FST Off-Heap Memory Optimization

Last updated: 2021-07-01 10:02:55

    Background

    On a single ES node, the FST structure in the inverted index resides permanently in the heap memory, which uses a relatively high proportion of the memory (up to over 50% especially on cold nodes with large disks). This restricts the capability of a single node to manage disks, limits the heap memory, and thus affects the node availability. As there are very few query requests on cold nodes, storing FST in the memory is of little significance. Therefore, we need to move this part of data structure out of the heap for management, so that it is not loaded by default but loaded from the disk off heap for direct use when needed, reducing the heap memory usage and improving the single-node disk management capabilities.

    Optimized Scheme

    ES implements a precisely controlled off-heap cache based on the WLFU elimination strategy and implements a second-level in-heap cache based on zero copy and weak reference. In this way, the performance is comparable to that of in-heap access.

    Directions

    Enabling/Disabling off-heap feature (disabled by default)

    curl -H "Content-Type:application/json" -XPUT http://localhost:9200/_cluster/settings -d '{
      "persistent" : {
        "indices.segment_memory.off_heap.enable" : true
       }
    }'
    

    Adjusting the size of off-heap cache (500 MB by default)
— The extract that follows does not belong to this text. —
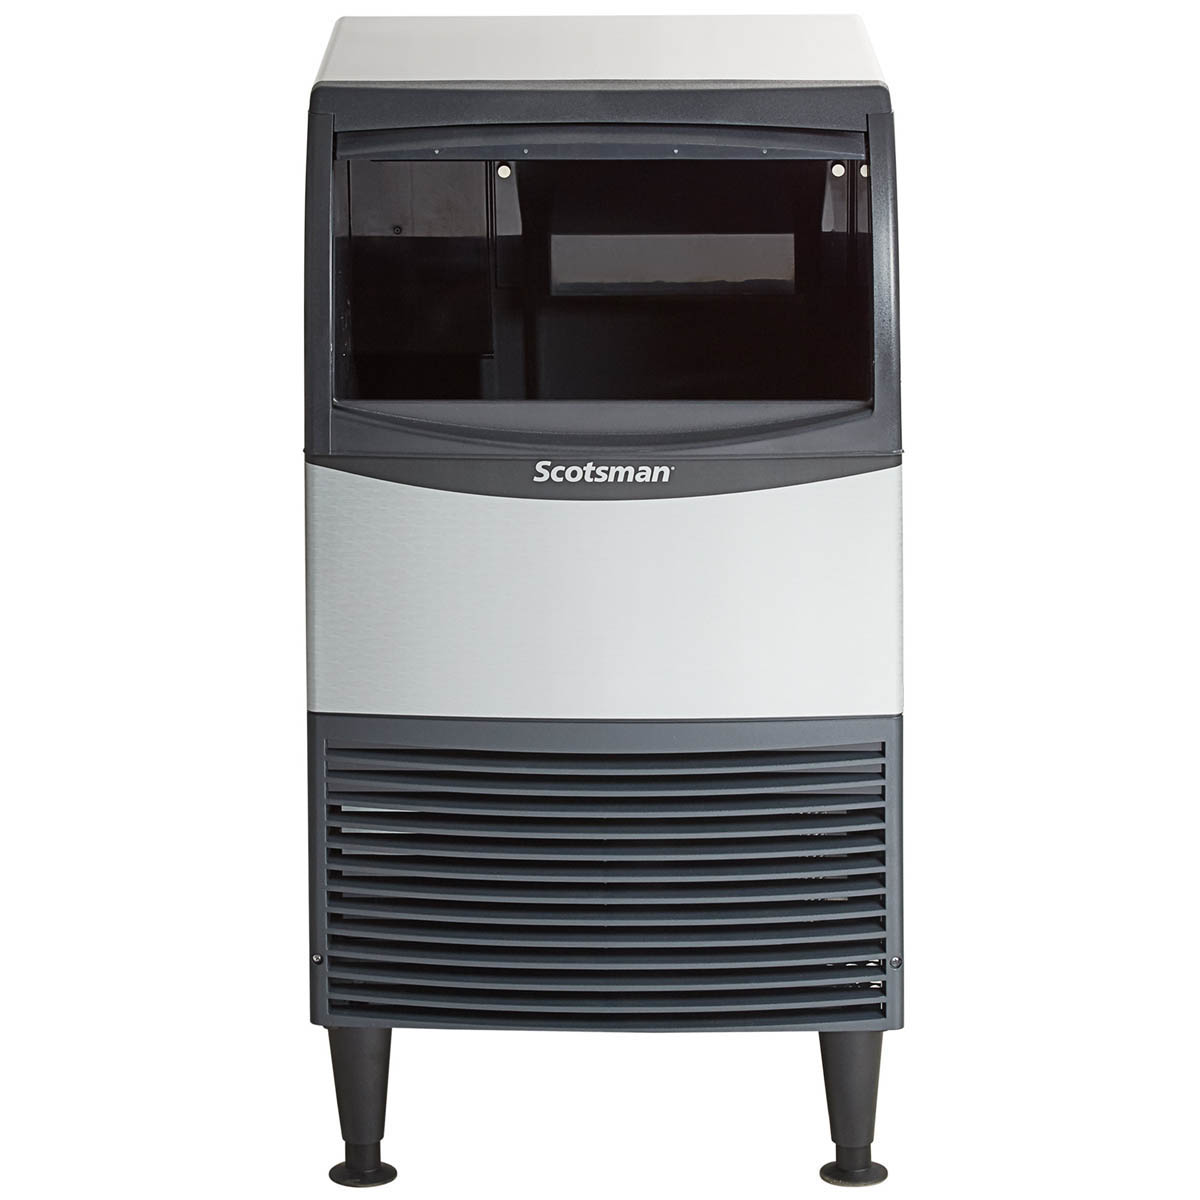 Scotsman UN1520A-1 Provides Soft and Slow Melting For Your Service and Displays, Chef's Deal

    curl -H "Content-Type:application/json" -XPUT http://localhost:9210/_cluster/settings -d '{
     "persistent" : {
        "indices.segment_memory.off_heap.size" : "5gb"
      }
    }'
    

    It can be set to 1/3 of the off-heap memory of a single node and should not exceed 32 GB. Below are specific examples:

    • If the total memory of s single node (including JVM and off-heap memory) is 64 GB, it can be set to (64 – 32)/3. You can set it to 10 GB.
    • If the total memory of s single node (including JVM and off-heap memory) is 96 GB, it can be set to (96 – 32)/3. You can set it to 20 GB.

    Optimization Effect

    The optimized scheme works much better in terms of memory overheads, data management, and GC and has a slightly better performance.

    Scheme FST Storage Location FST Memory Usage Single-FST Heap Memory Usage Single-Node Maximum Disk Data Volume
    Native scheme Heap memory Full storage in memory with high memory usage MB-level (native FST data structure) 10 TB (tuning required)
    Optimized scheme Off-heap memory Cold data elimination based on cache LRU with low memory usage Around 100 bytes (cache key size) 50 TB
    Write Performance Memory Usage (MB) GC Time (s) TPS 90th Percentile Latency (ms) 99th Percentile latency (ms)
    Native scheme 402.59 20.453 198051 463.201 617.701
    Optimized scheme 102.217 18.969 201188 455.124 618.379
    Difference 74.6% better 7.26% better 1.58% better 1.74% better 0.11% worse
    Query Performance Memory Usage (MB) GC Time (s) QPS 90th Percentile Latency (ms) 99th Percentile Latency (ms)
    Native scheme 401.806 20.107 200.057 3.96062 11.1894
    Optimized scheme 101.004 19.228 200.087 3.87805 11.2316
    Difference 74.9% better 4.37% better - 2.00% better 0.38% worse

    Supported Versions

    6.8.2, 7.5.1, and 7.10.1